If it’s all potholes, maybe it’s because you’re
traveling the same ruts. Ruts come with accumulating time traveled, but you do
have a steering wheel. A lot of aggravations are just because ruts mire us too deep
to see the rest of the road clearly. Perspective comes when we steer out of the
ruts. Works the same with daily life. Clarity comes when we steer free of the moment,
juxtaposing the past with the present. Ever catch yourself blindly impatient at
a foolish young driver for driving like you used to before you wised up, or
scoffing at unorthodox fashion statements that once were yours, or condemning a
rowdy crowd while forgetting your own stampedes with the herds, or being
merciless in your judgment of things that once weren’t considerations for your
own choices?
So, you can choose which potholes to skip. Hit ‘em
all, and your arse sags deeper.
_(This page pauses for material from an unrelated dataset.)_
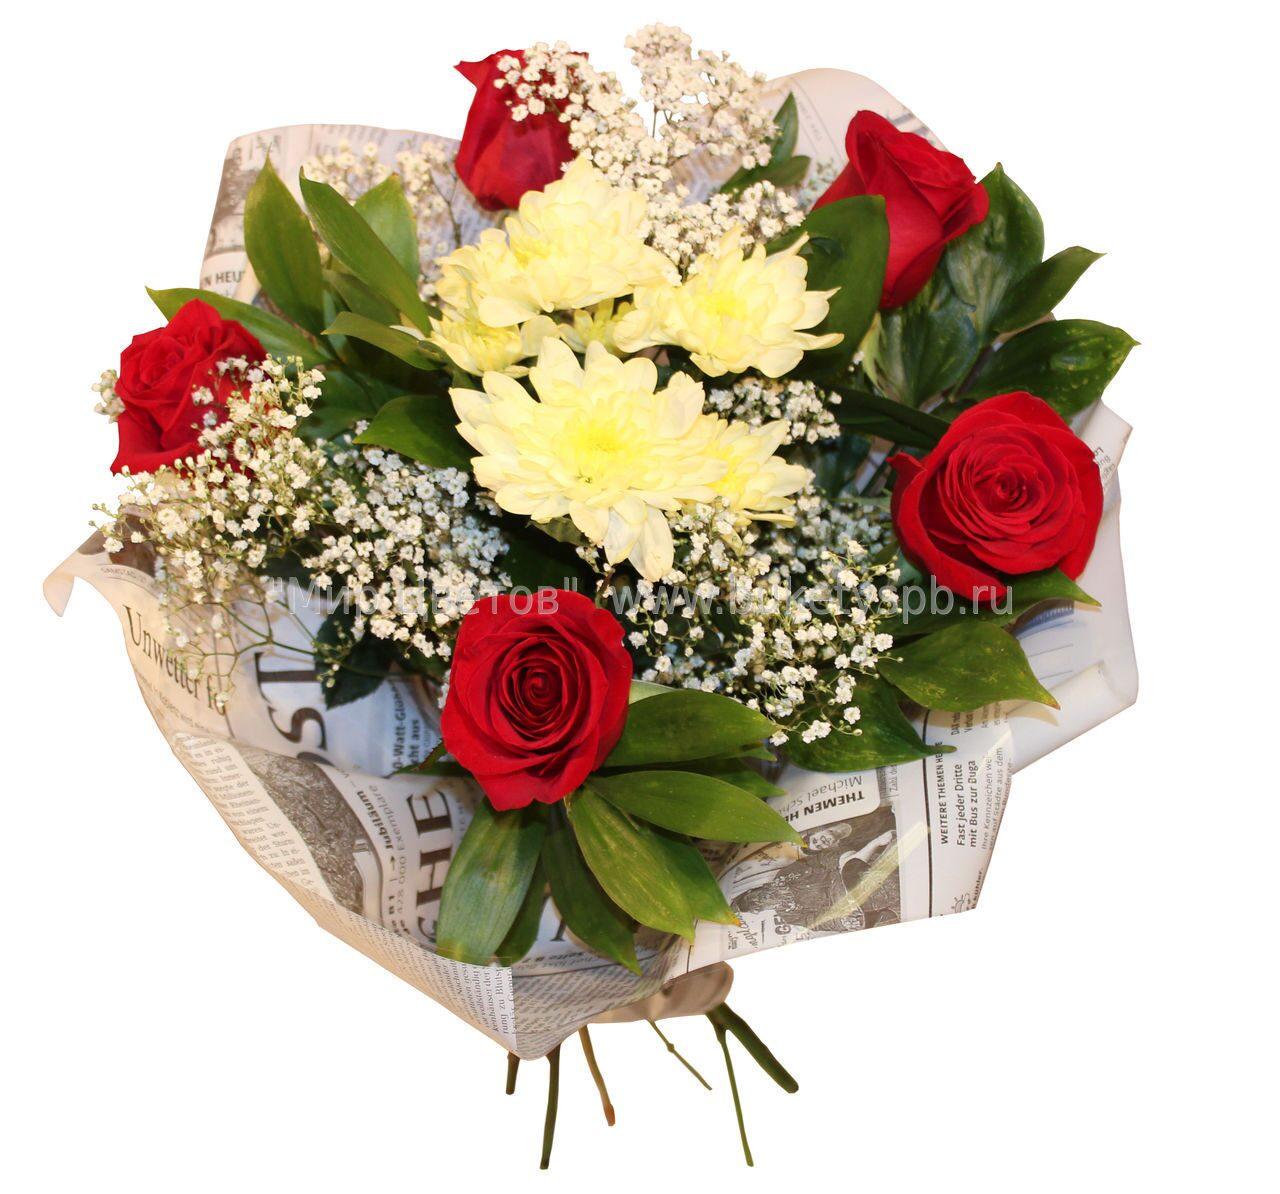 Доставка цветов тихвин купить розы оптом в одессе цена

Sit up a little and ignore the rationalizations
that fog your rear-view mirror, and the windshield will show you the clear road
ahead. It’s easy, and it was natural when you were young. The more you do it
now, the younger you’ll feel.
Those examples are just superficial empathy, of
course. Serious de-aging comes with personal stuff. Shrink-wrap your grudges
and bury them deep, else they’ll return like mummies from hell. And while
you’re shrink-wrapping in that oven, throw all the defensive snowballs you’ve
been stockpiling in with them until they evaporate in a cloud of steam. You
don’t need defenses. Remember that kid driving impatiently was once you. Holding
others to account for behaviors we accept in ourselves makes us tunnel-vision practitioners
in the art of double standards.
And give yourself some privacy; you don’t have to weep
in public. This is for you alone. If stress has re-wired your brain and
poisoned your emotions, the cure is an inside job. Keep it simple, and it will
flow out of you naturally. Could be a relative you haven’t spoken to in years,
or maybe you have to quit granting yourself amnesty from those behaviors you
accuse others of. Or – and this is a big one – have you accumulated so much
disappointment and perceived failure that you secretly fear you are somehow to
blame? Maybe at first, your survival instincts lashed out and you blamed
others, and then when anger subsided, self-doubts and depression infected you.
But what if there is no blame? The longer you cling to negatives of any
kind the higher the walls of justification climb brick by brick and the deeper
you dredge a moat in which to wallow. A moat is a circular pothole, and it begs
this question:
What makes us think we are any more valid or
legitimate at one time in our lives than another?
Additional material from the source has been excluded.